L’architecture vernaculaire est esthétique. « Elles vous plaisent, les architectures populaires, disait André Ravéreau. Mais les gens n’ont jamais pensé à l’esthétique [13] ». Et Fathy d’entonner : « Le paysan ne parle pas d’art, il fait de l’art. Mais, s’il en prenait conscience, il perdrait cette qualité, car sa créativité provient de l’inconscient [14] ». L’architecture vernaculaire « approche du sublime [15] ».
La construction vernaculaire est Architecture. Voilà le terme que nous donnons, nous autres occidentaux, depuis quelques siècles seulement, à la transformation de notre environnement en faisant fi de toute justesse.

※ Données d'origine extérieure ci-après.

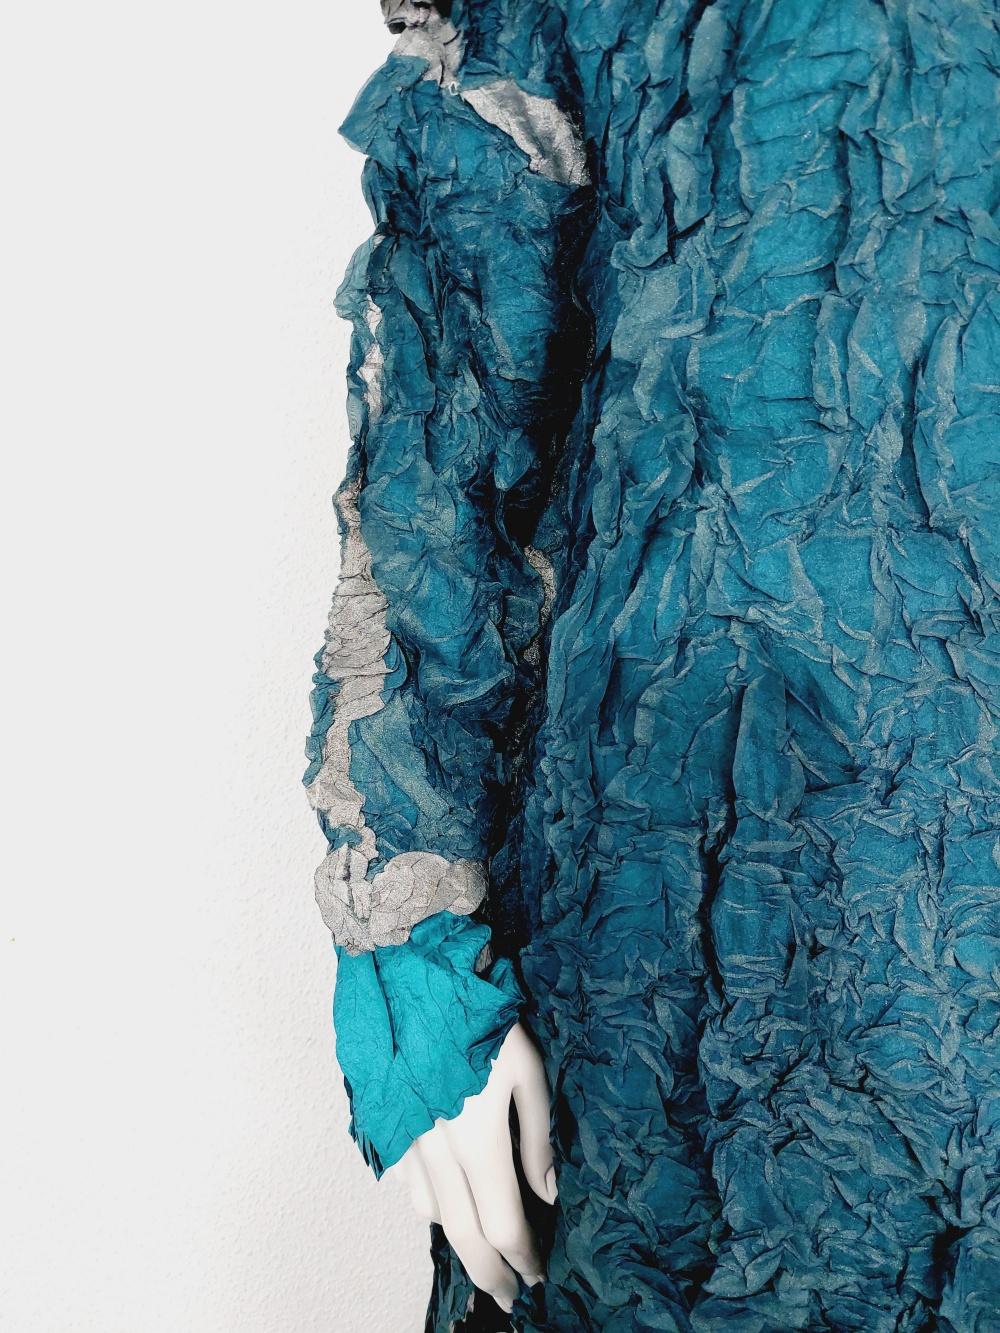 Issey Miyake Metallic Blue Wrinkled Runway Japanese Pleats Please Dress Gown 3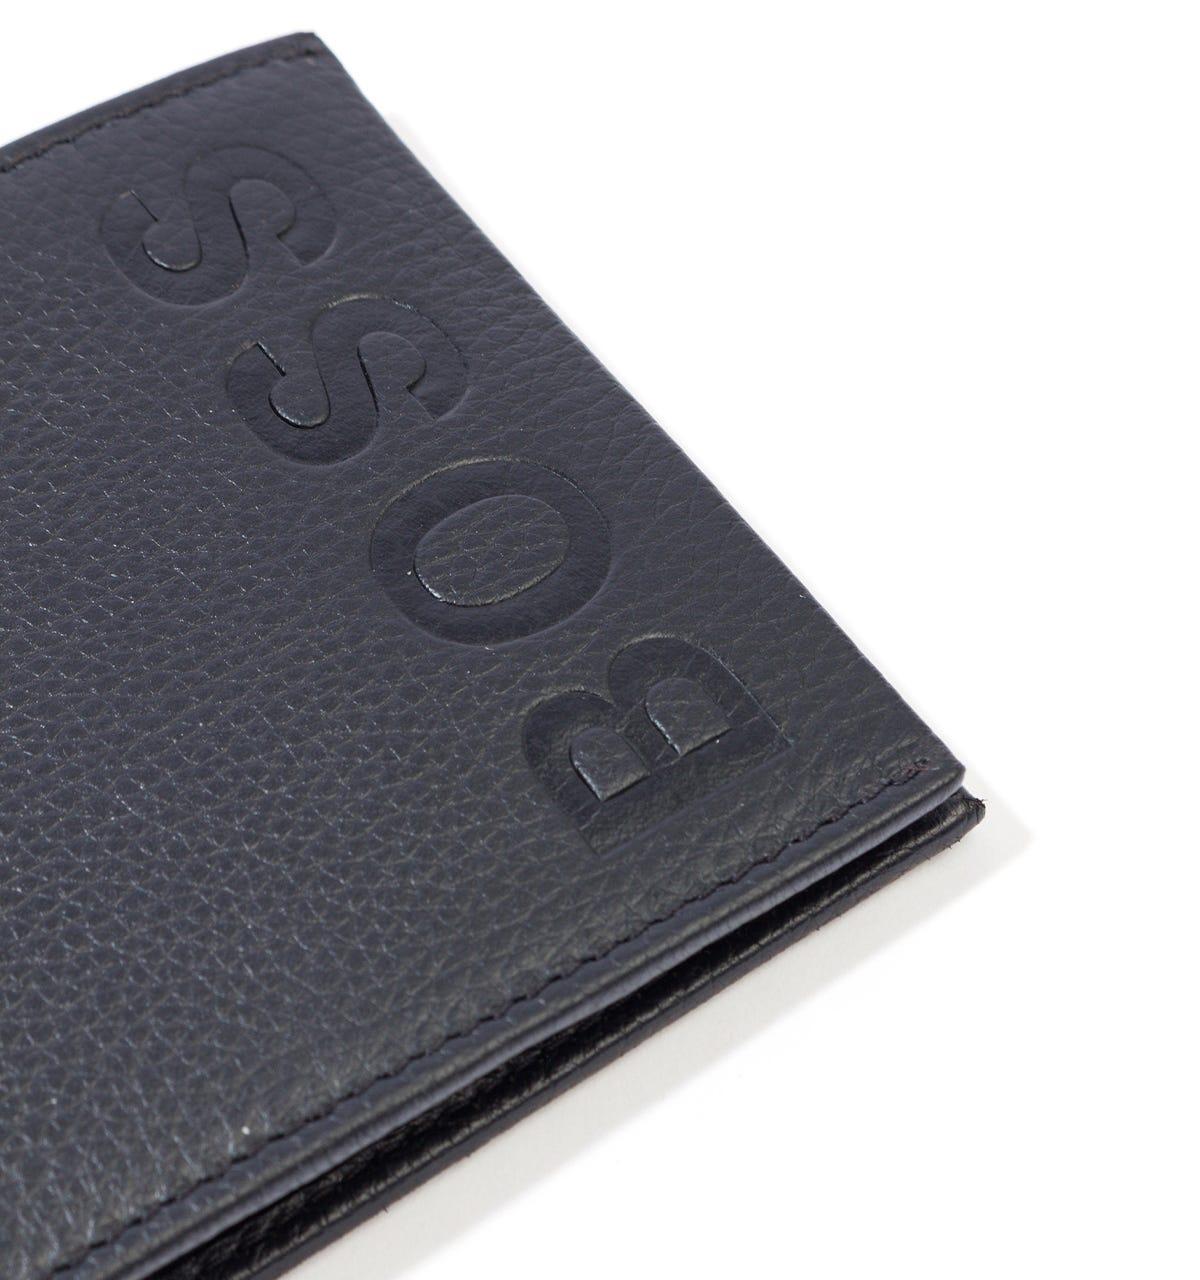 Soft Grain Leather.Card Holder Wallet Gift Designer Hugo Boss Bardio Men Black

Augustin Berque dénonce cette manière de faire : nous nous sommes « décosmisés [16] ». En lui emboîtant le pas, on peut caractériser les constructions vernaculaires de « motifs écouménaux [17] » et ainsi en réhabiliter l’être Architecture — qui dévoile et incarne à la fois les choses premières, la vérité… son milieu [18]. Il ne fait aucun doute, de la science de l’architecture bouddhiste [19] ou hindoue [20] aux fondements de la maison arabe [21] ou celles des Dogon [22], l’architecture vernaculaire procède du cosmos arrangé avec justesse — et elle incarne le cosmos, elle met notre âme en adéquation avec lui. Les théories fondant l’architecture moderne constituent une peau de chagrin face aux millénaires d’harmonie qui nourrissent le vernaculaire…
Combat politique
L’architecture vernaculaire est en danger. Cette même modernité rend impossible l’architecture vernaculaire : de nos jours et dans la plus grande partie du monde, par le fait de la bureaucratie, on ne peut plus prélever les ressources naturelles librement — c’est-à-dire en accord avec les principes de la communauté. Les constructeurs et constructrices sont ainsi forcé·e·s de se fournir dans le marché [23].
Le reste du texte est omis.